Anode cover material holds marked importance owing to its effect of maintaining the thermal balance of aluminum reduction cells, and is categorized as solid waste because of its continuous accumulation. However, cover materials contain large amounts of alumina and fluoride; thus, can be considered for strategic resource recovery. This research has developed a process for separating alumina and recovering aluminum fluoride from anode cover materials by aluminum salt solution leaching. In the present work, the effects of different factors on the leaching behaviors of sodium and fluoride during aluminum salt solution leaching were investigated. The results showed that 98.1 % sodium and 95.1 % fluoride were extracted when the Al³⁺ concentration was 2.5 mol/L, the liquid to solid ratio was 20 mL/g, and the stirring speed was 300 rpm at 90 °C for 2 h. Aluminum and fluoride were then precipitated as aluminum hydroxyfluoride hydrate (AHF) from the leachate. The aluminum fluoride (AlF₃) product with high purity was obtained by calcining AHF precipitation, and the average particle size was 66.1 μm. This work demonstrates significant application potential on green recycling of anode cover materials and realize a high-value utilization of aluminum and fluoride resources. This plays a crucial role in the life cycle assessment (LCA) of the anode cover material.

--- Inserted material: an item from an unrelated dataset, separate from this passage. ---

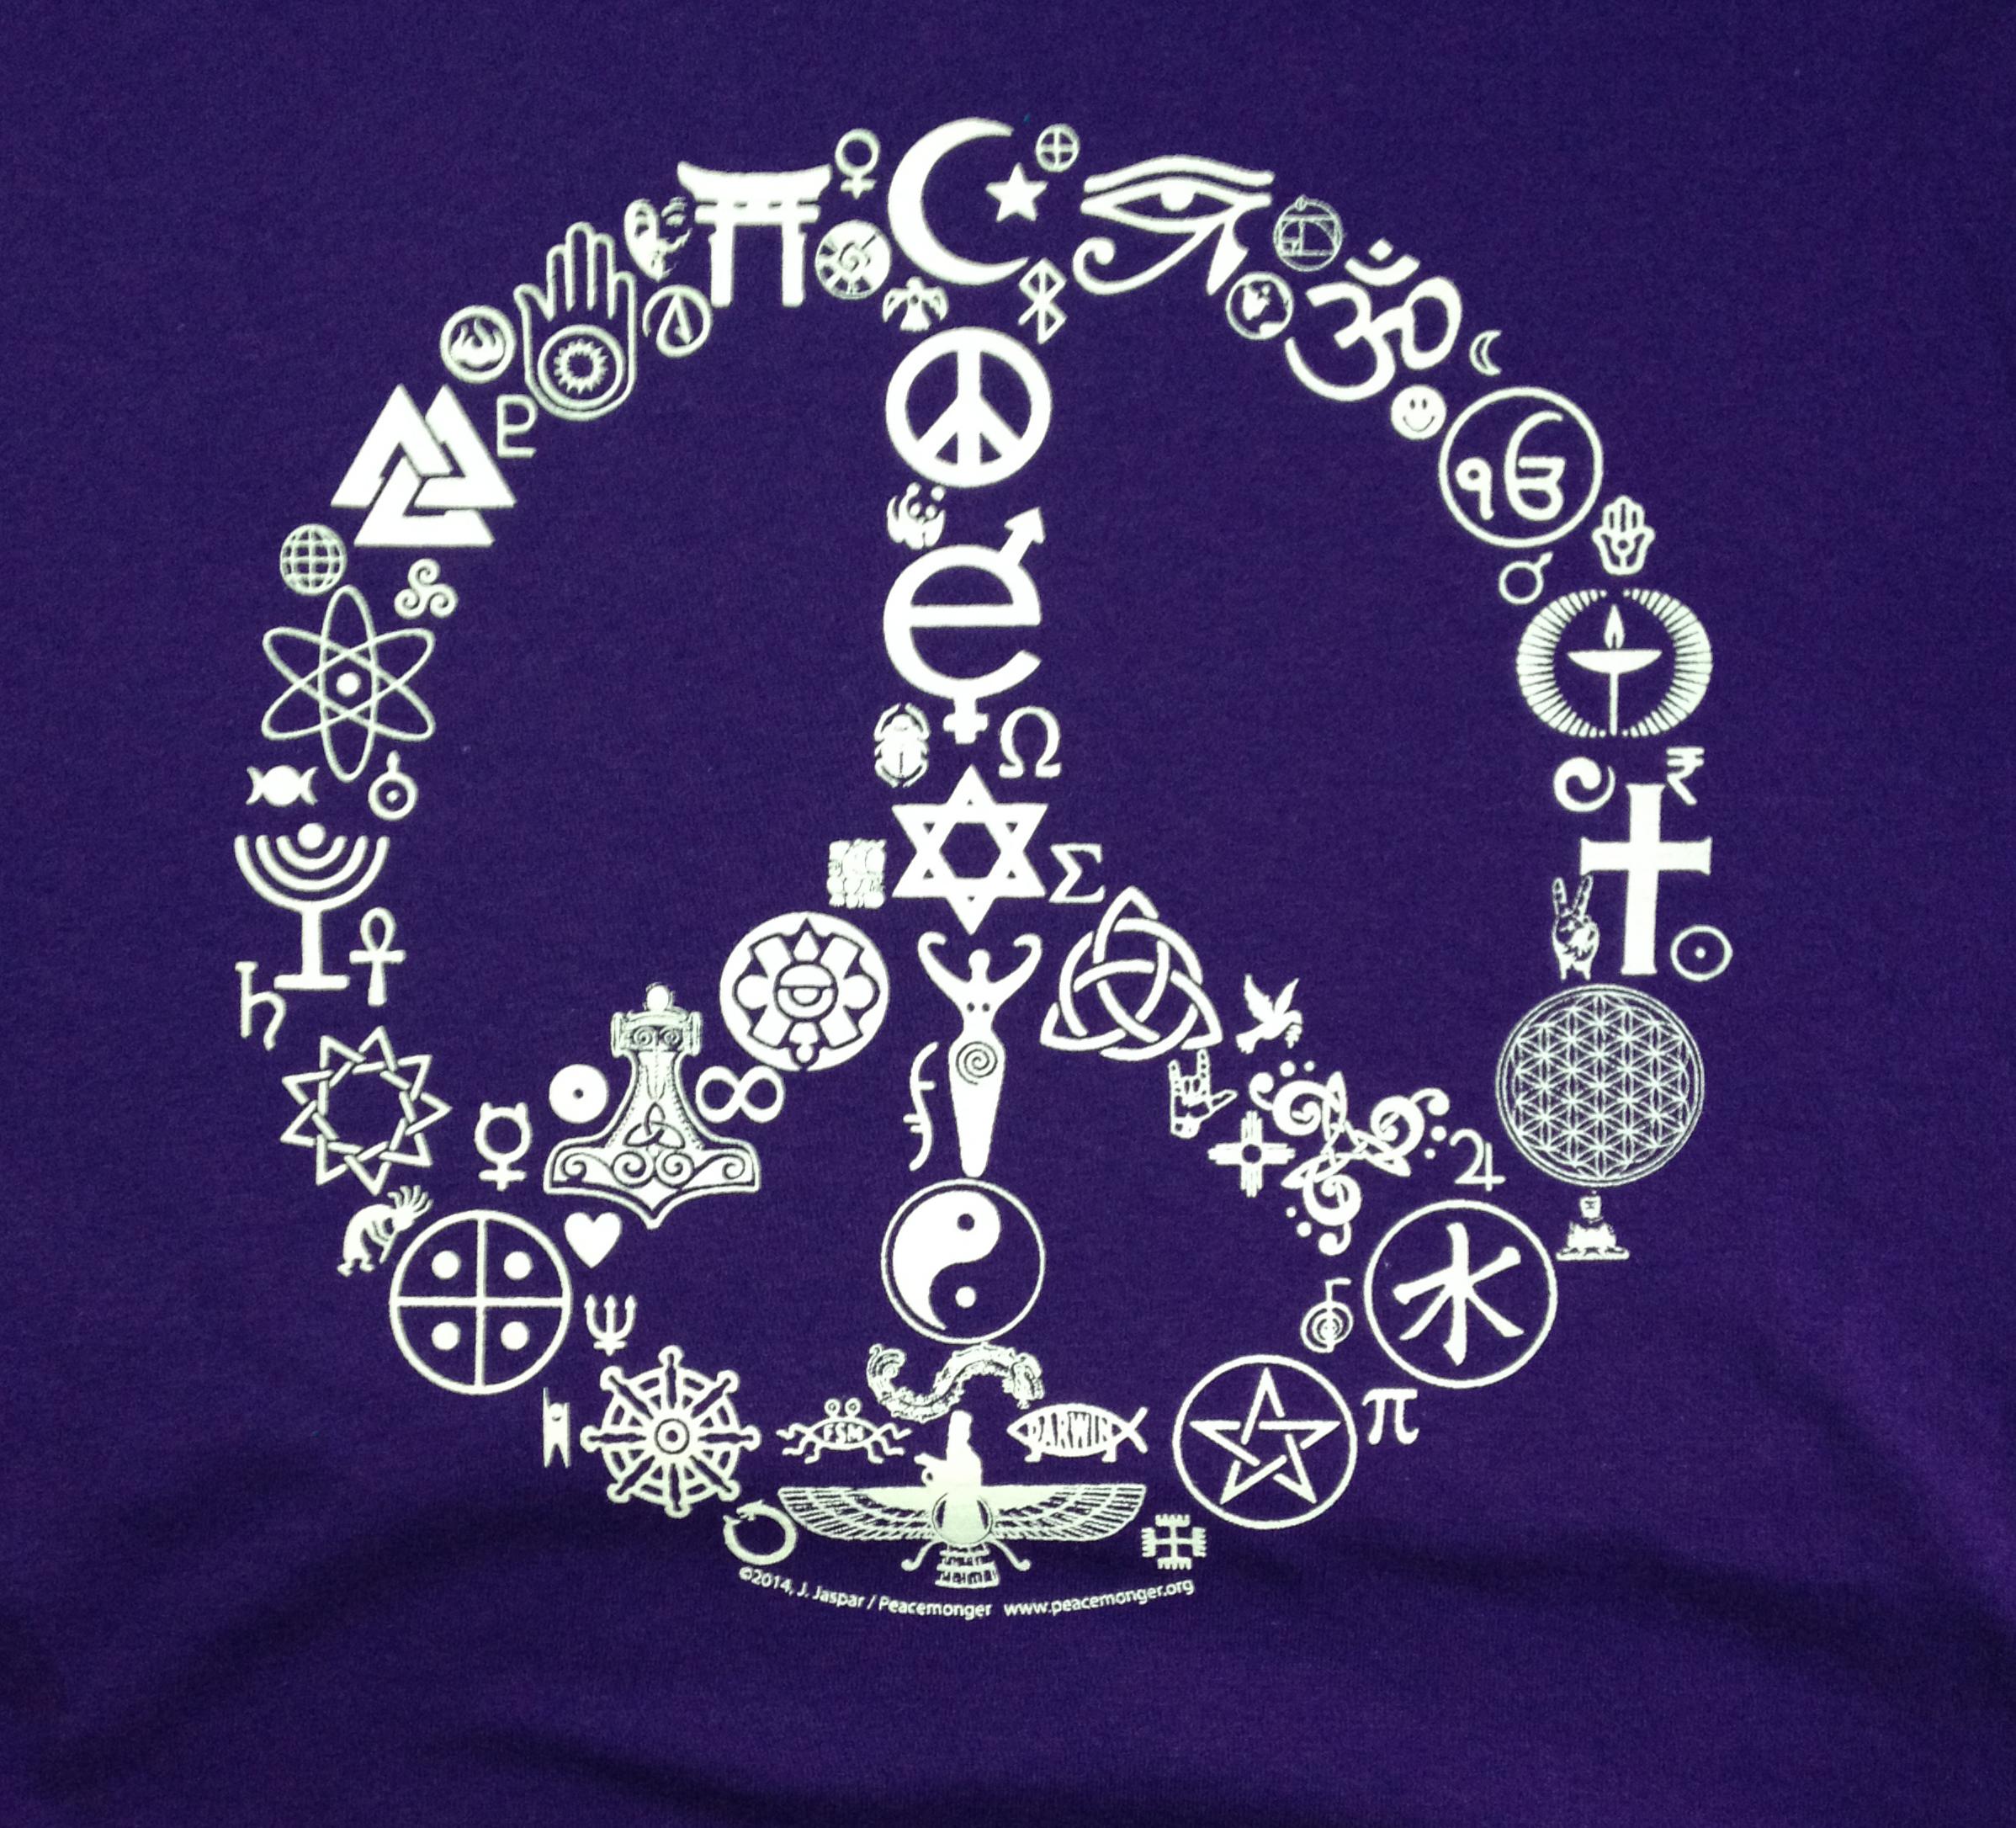 Coexist symbols
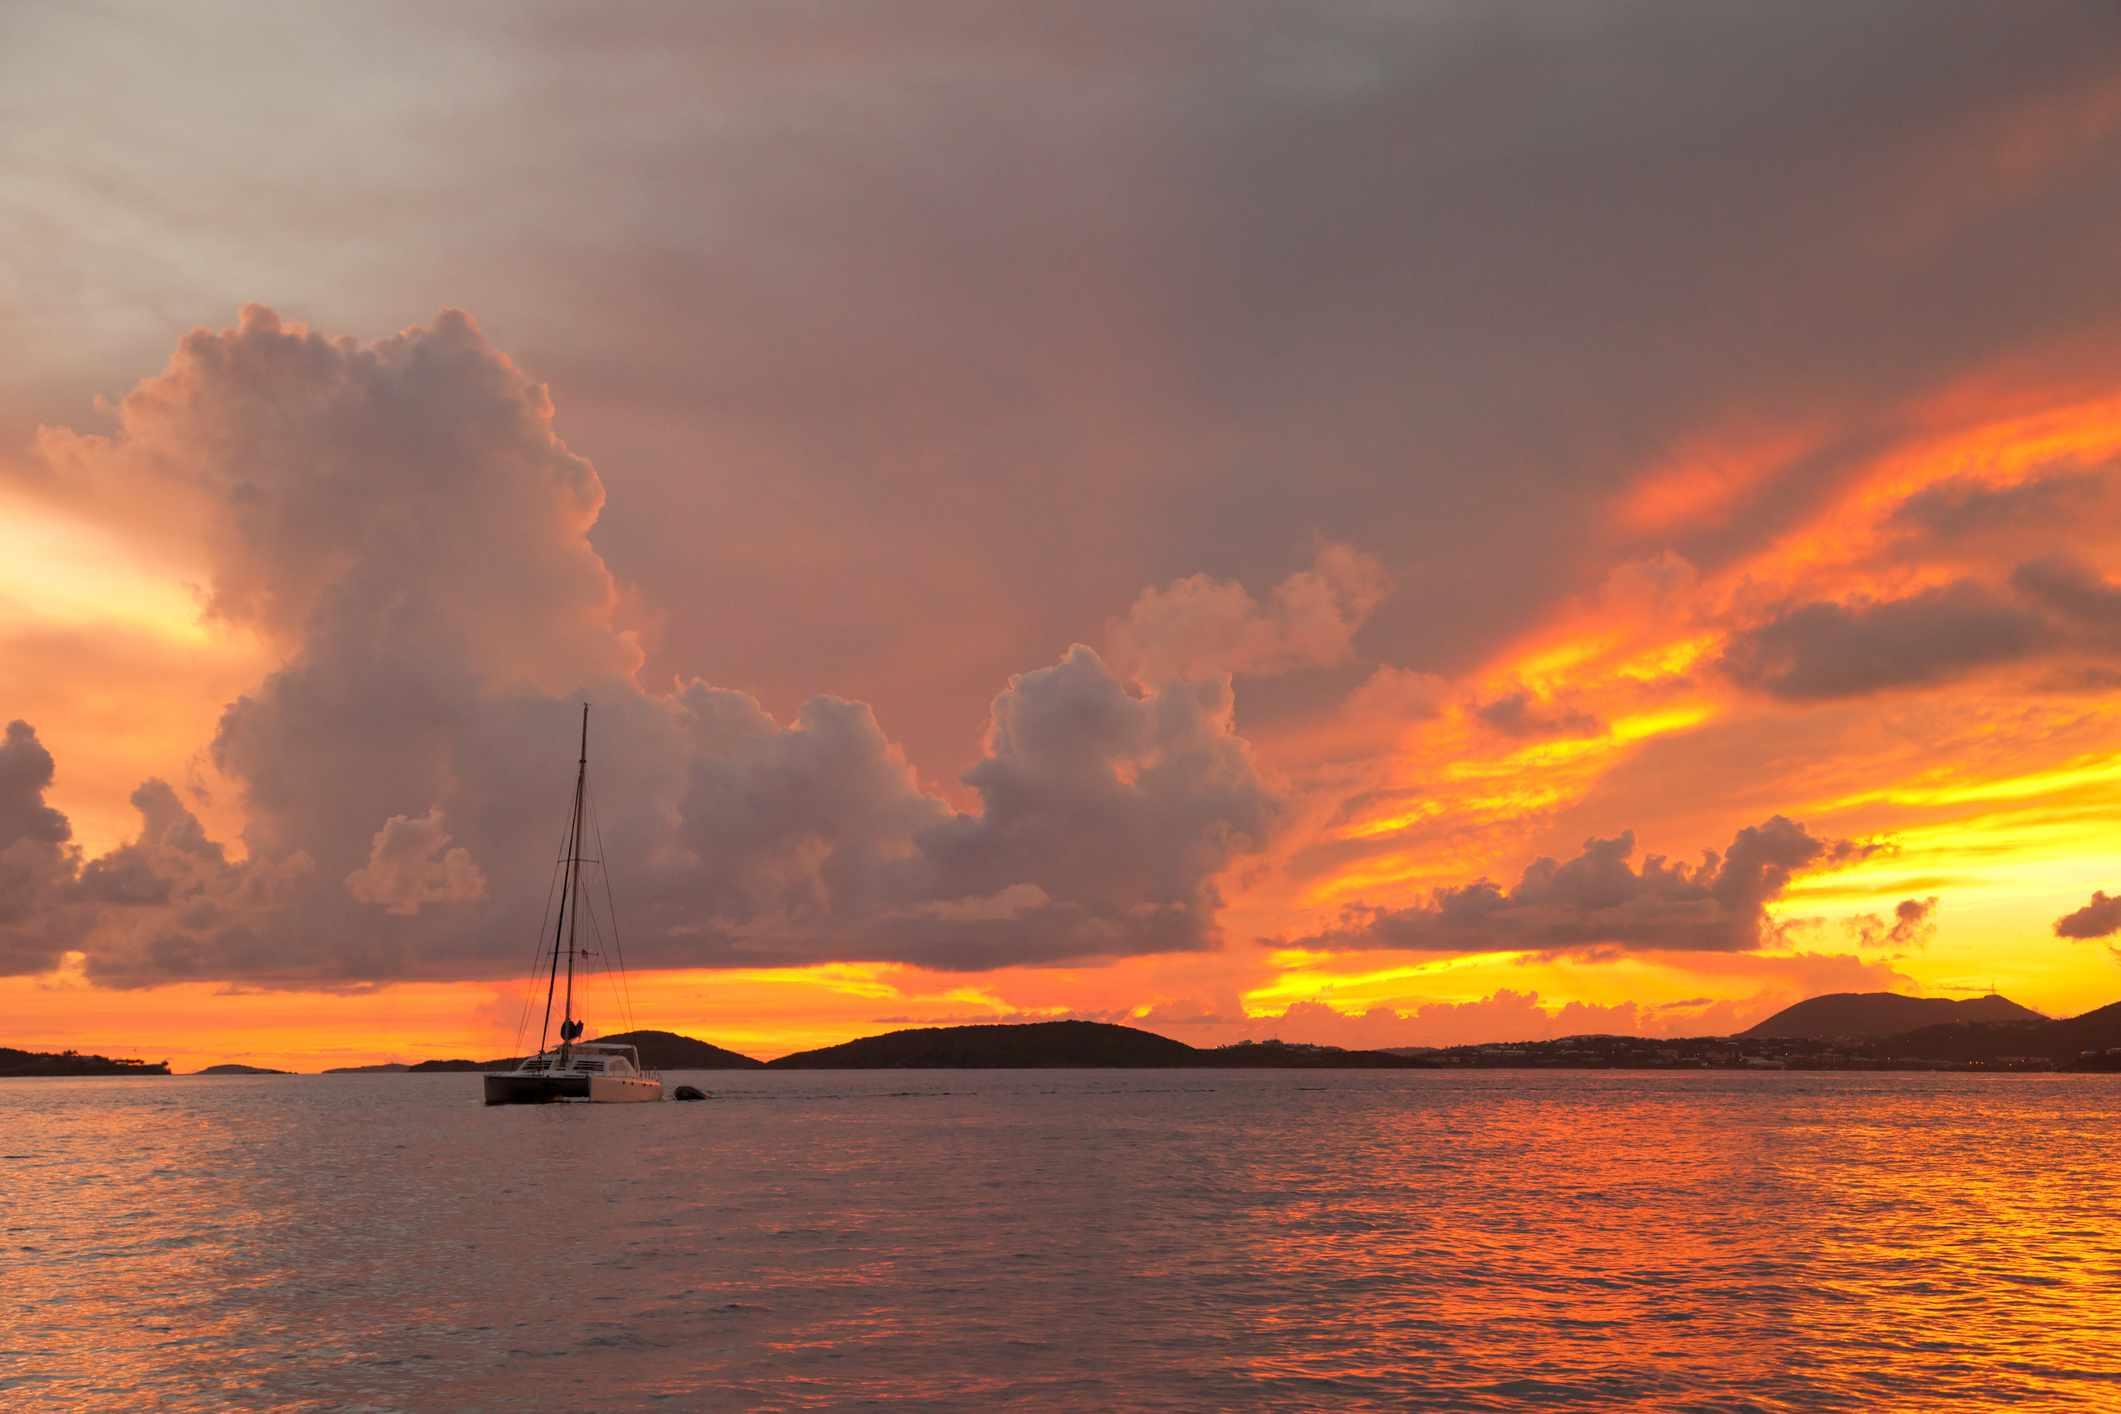 Seaside sunset in the U.S. Virgin Islands

阳极覆盖材料因其保持铝电解槽热平衡的作用而具有显着的重要性，并因其不断积累而被归类为固体废物。但是，覆盖材料含有大量的氧化铝和氟化物；因此，可以考虑进行战略资源回收。本研究开发了一种通过铝盐溶液浸出从阳极覆盖材料中分离氧化铝和回收氟化铝的工艺。在本工作中，研究了不同因素对铝盐溶液浸出过程中钠和氟化物浸出行为的影响。结果表明，当 Al ³⁺浓度为2.5 mol/L，液固比为20 mL/g，搅拌速度为300 rpm，90 ℃搅拌2 h。然后铝和氟化物从渗滤液中以水合羟基氟化铝 (AHF) 的形式沉淀出来。通过煅烧AHF沉淀得到高纯度的氟化铝(AlF ₃ )产品，平均粒径为66.1 μm。该工作在阳极覆盖材料的绿色回收和实现铝和氟化物资源的高价值利用方面具有重要的应用潜力。这在阳极覆盖材料的生命周期评估 (LCA) 中起着至关重要的作用。